85% of the time I am not a leader. This ranges from active participant to downright passive consumer. 15% of my time I lead.
I recently looked at the activities I consider myself a leader in, and a clear picture comes to mind. I lead because … I lead! There is just no other way there. I sometimes try to follow. I just can’t.
Now, we all read a lot about how great it feels to be a leader, how much we should strive for that. Not to follow the pack, to stand out, and so on. But for me this negates a truth I clearly feel. Leading, standing out, is – at least a lot of the time – not comfortable at all. You are alone, you get attacked, ridiculed, belittled, who-do-you-think-you-are’d. And that hurts. Plain and simple.

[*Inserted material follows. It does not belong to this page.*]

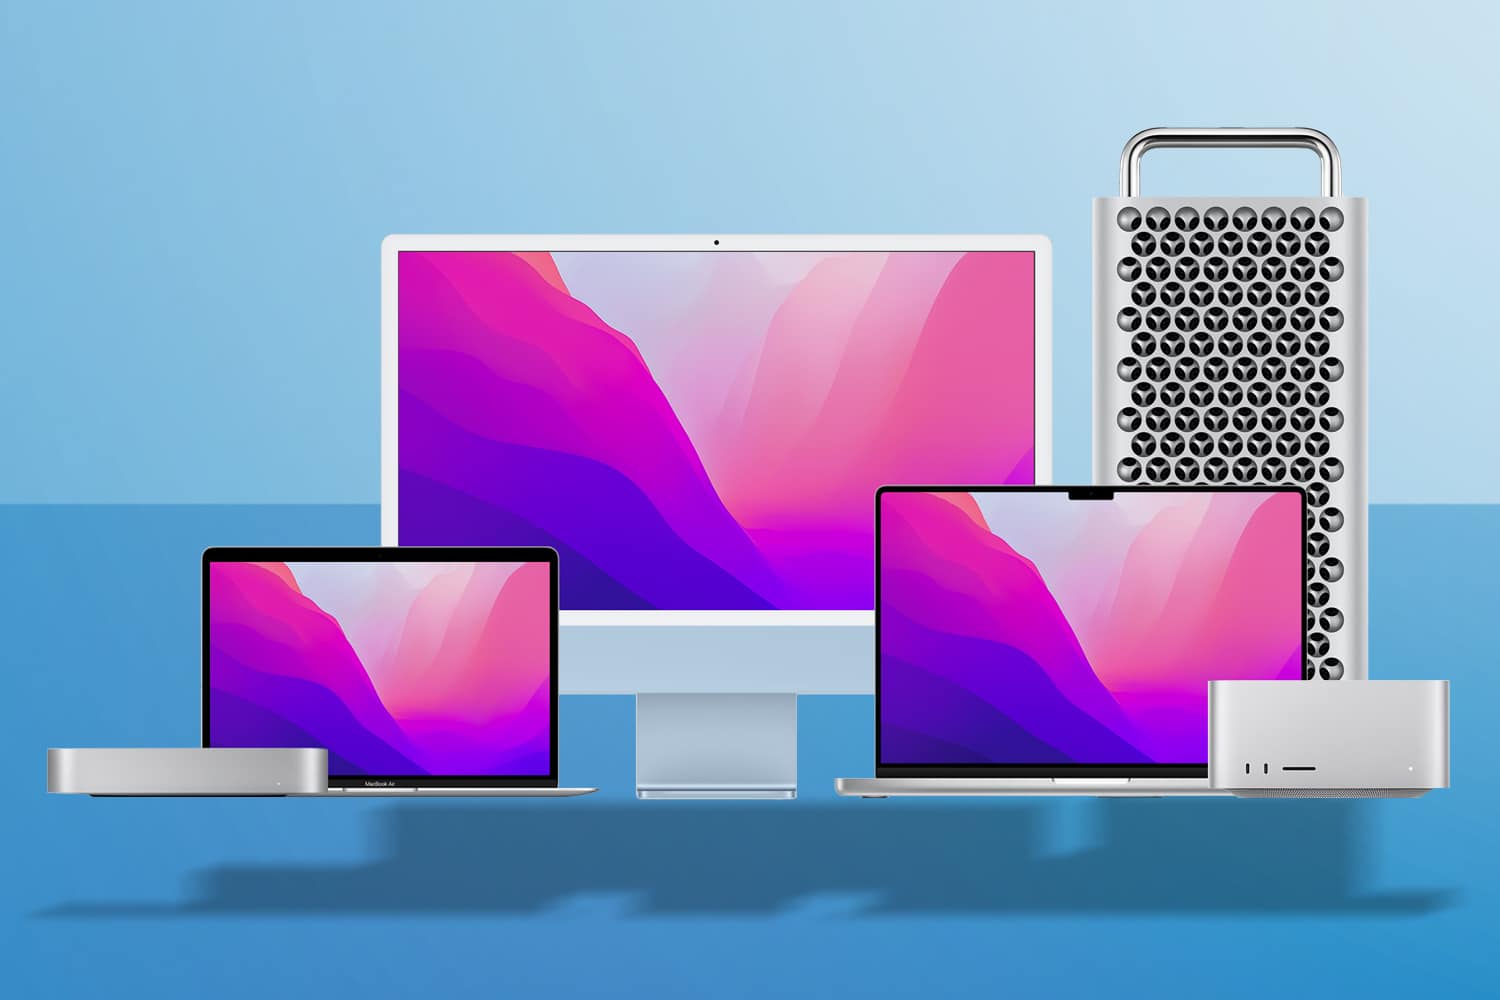 MacBook Pro, MacBook Air, Mac Mini, Mac Pro and iMac

I am a rather shy person, carry a lot of shame, and hence am not very comfortable when I’m singled out. A lot of the times I wish to just blend in, maybe have my way here and there, but all in all, go with the flow. But in some fields, that’s jsut not possible. It makes me feel so horribly stupid and wrong, that I just have to listen to my own voice and go with that.
Here, I become a leader. Now leading sometimes feels great. The self-respect and sense of self-reliance and souvereignity it entails are hard to beat. They are also hard won.
And that brings me to my point: I guess most leaders are not leaders because they fancy it. They are leaders because the other avenues are not open to them. Leading is dangerous, makes you feel vulnerable and uncomfortable. That is precisely the reason so few people meke good leaders or wish to lead.
But then, who knows, I might just find that these sensations: vulnerability, shame, discomfort are really signs of strength in action. I might just be willing to give it a try.